### Exercise description
Write out the listing below in its entirety, minus the pictures, without changing a word.

### Given data
BEGIN

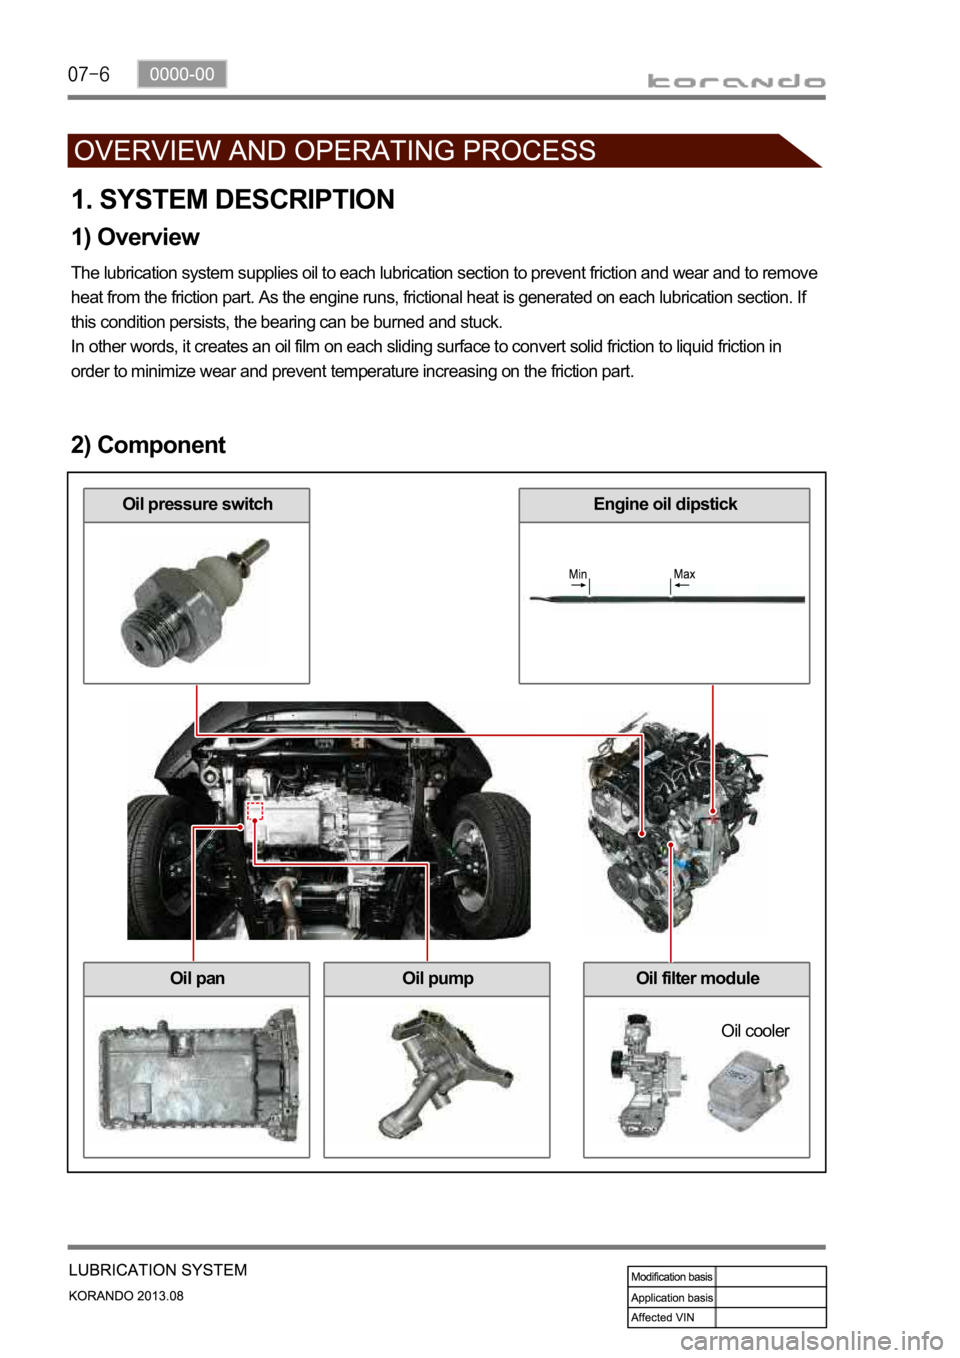 SSANGYONG KORANDO 2013  Service Manual 1. SYSTEM DESCRIPTION
1) Overview
The lubrication system supplies oil to each lubrication section to prevent friction and wear and to remove 
heat from the friction part. As the engine runs, frictiona

END

### Answer for this exercise
 SSANGYONG KORANDO 2013  Service Manual 1. SYSTEM DESCRIPTION
1) Overview
The lubrication system supplies oil to each lubrication section to prevent friction and wear and to remove 
heat from the friction part. As the engine runs, frictiona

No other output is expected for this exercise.